#SaladMonth continues with a delicious spring-time salad made with ribbons of shaved asparagus and romaine lettuce tossed with dill shallot vinaigrette. It is topped with hazelnuts and fresh goat cheese
Last week while I was at Camp Gathering VT we got to visit the Ayer’s Brook Goat Dairy in the rolling countryside in idyllic Randolph VT. This has been on my list of places to visit since I first came to know of its existence, so I was really thrilled to get a tour of the farm.
Ayer’s Brook Goat Dairy was established by Vermont Creamery. It is one of the 12 farms that ship goats milk to Vermont Dairy, but this one is different in that it was started by and is run by Vermont Creamery itself.
We were greeted by Miles outside one of the barns, and he immediately started explaining the big picture, how the farm was started and what their business was all about. There are 300 goats currently being milked on the farm and 700 in the total herd. I loved hearing him. He was an explosion of information! He knew so much about all the workings of the farm and was really patient with our basic questions.
And I have to say this, I know I have been in Vermont a while, and I am relatively hardened off to mud and yucky stuff but I don’t think anyone would be able to deny that this farm is really immaculate. Nor would anybody be able to deny the goats were ridiculously cute.
We learned the different breeds, there’s Nubian, Alpine and LaMancha. And I think there was one more that they breed. [Full disclosure, I probably would be able to have remembered the name of it if the fire side gathering at Trapps the night before hadn’t rocked my brain cells a bit.] They all have their various positive attirbutes, and there is someone on the team who is constantly working on managing the genetics of the herd. The goats have their own area of the barn depending on what part of the milking/breeding cycle they were in. We learned about their feed (which they are working toward growing all on the farm.) They are also in the process of making the creamery completely GMO free.
We had a great time visiting! It was pretty cool seeing where all of that lovely goat cheese comes from. Next time I will have to visit the cheese making facilities!

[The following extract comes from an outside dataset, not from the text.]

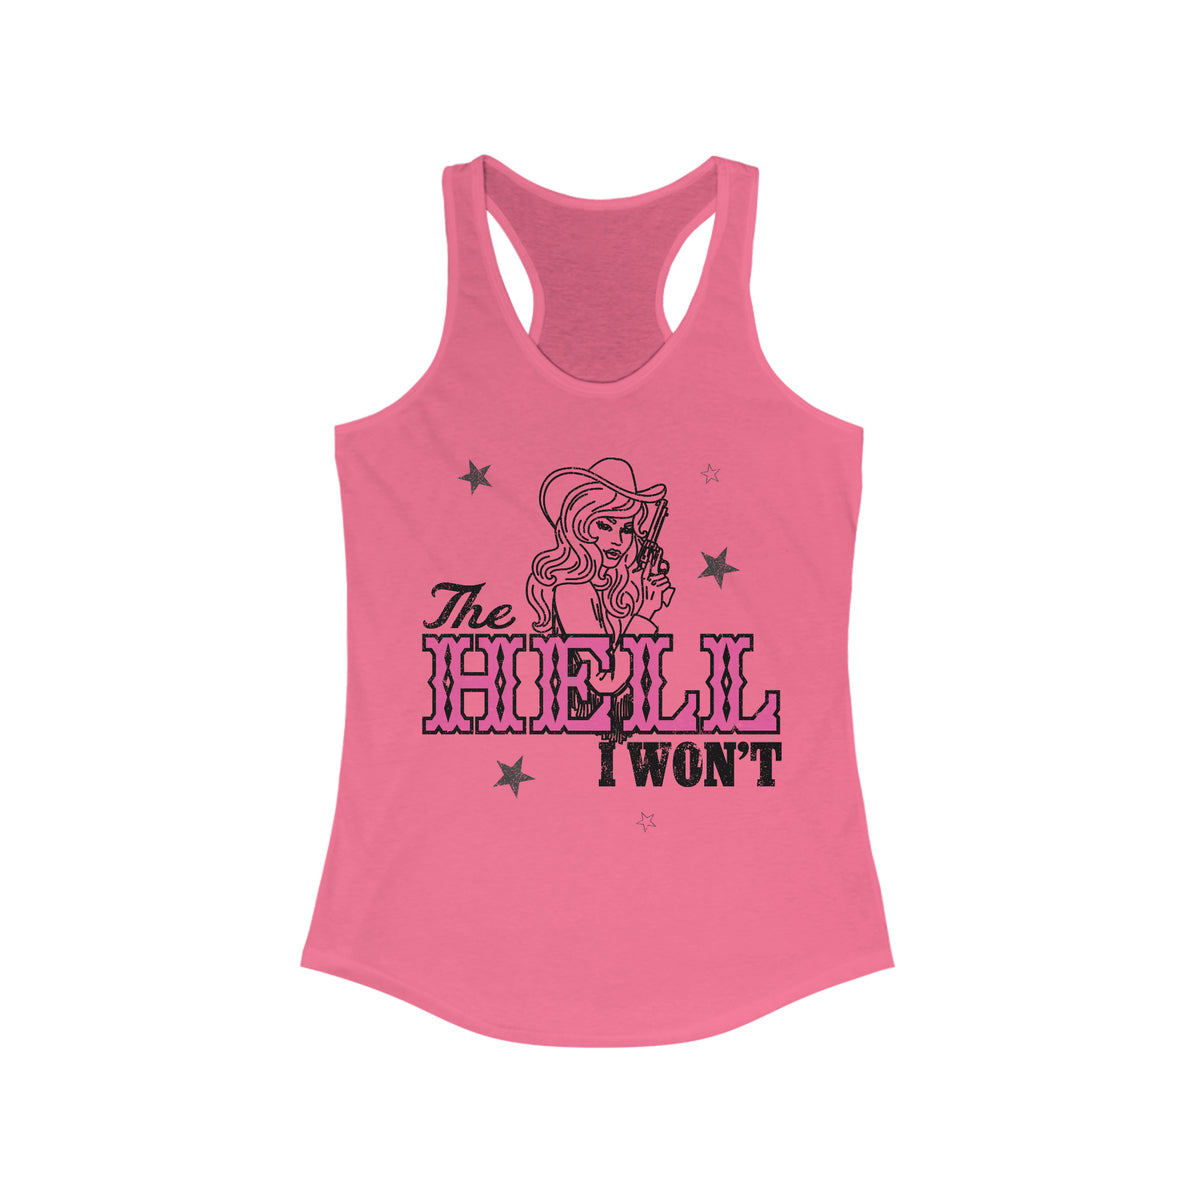 The Hell I won't Tank Top | Country Graphic Tee Tank | Women's Western Tank Tops

When I got home, I showed the photos of the goats to my girls and they were ohhing and ahhing about the baby goats. I didn’t tell them that two new boy goats had been born that morning, and Miles had joked that we could have one if we wanted it.
I looked at my plans for the month of May, also known around here as Salad Month, and I saw on my list of recipe ideas that I wanted to work on a shaved asparagus salad. And it immediately hit me that this would be a much more delicious recipe if it had goat cheese on it. I mean duh!
I had been wanting to try shaving raw asparagus for some time, but had never done it. It takes a little practice and I found that it was much easier with fatter asparagus. So if you have your choice at the market (or in the garden) choose the fatties. (By the way, asparagus aficionados will tell you the fatter stalks are the best ones anyway.) You just hold the stalks on the cutting board and run a regular old vegetable peeler down the stalk. When I got to the center of the stalk and I could shave it down no further, I set that core aside and continued along with the remaining stalks. Then at the end I took all the cores and finely chopped them on the bias with my chef’s knife.
I also added shredded romaine hearts into the salad for more volume. I cut it up into the finest ribbons I could handle. The idea being the strips would match the strips of the shaved asparagus. Then I made a mustard dill and shallot dressing to go with it. It actually took me a few tries to get the right level of acidity. You all know by know that I have a thing about acidity in recipes right? Well this is a pretty tart salad, I’m not going to lie, but it is important to have a bit of tart to balance the bitter of the asparagus. Then I added in toasted hazelnuts because I wanted toasty flavor and a bit of crunch. And then, (and then!!!!- can you hear me raising my eyebrows and just see me leaning forward as I say this??) the fresh goat cheese on top. Ahhh, it is so perfect. The creamy tart cheese with the asparagus oh and the dill and mustard and shallot. You! Guys! It is magic.
We had these honey mustard chicken thighs with it. And I also just had it for lunch too. My 6 year old ate her entire serving and said she loved it. She also told me that she wants a baby goat. Don’t breathe a word of that to Miles!Print
- 3 tablespoons extra-virgin olive oil
- 2 tablespoons champagne vinegar or white wine vinegar
- ½ small shallot, minced (or 3 T chopped chives)
- 1 tablespoon chopped fresh dill
- 2 teaspoons Dijon mustard
- 1 teaspoon honey
- ½ teaspoon salt
- ½ teaspoon freshly ground pepper
- 2 hearts of romaine, very thinly sliced
- 1 bunch of asparagus, woody ends removed and spears shaved with vegetable peeler
- 3 ounces fresh chevre
- ¼ cup chopped toasted hazelnuts
- Whisk oil, vinegar, shallot or chives, dill, mustard, salt and pepper in a large bowl. Add romaine and shaved asparagus to the bowl and toss to combine. Divide among four plates. Crumble goat cheese over the salads. Divide hazelnuts over the salads.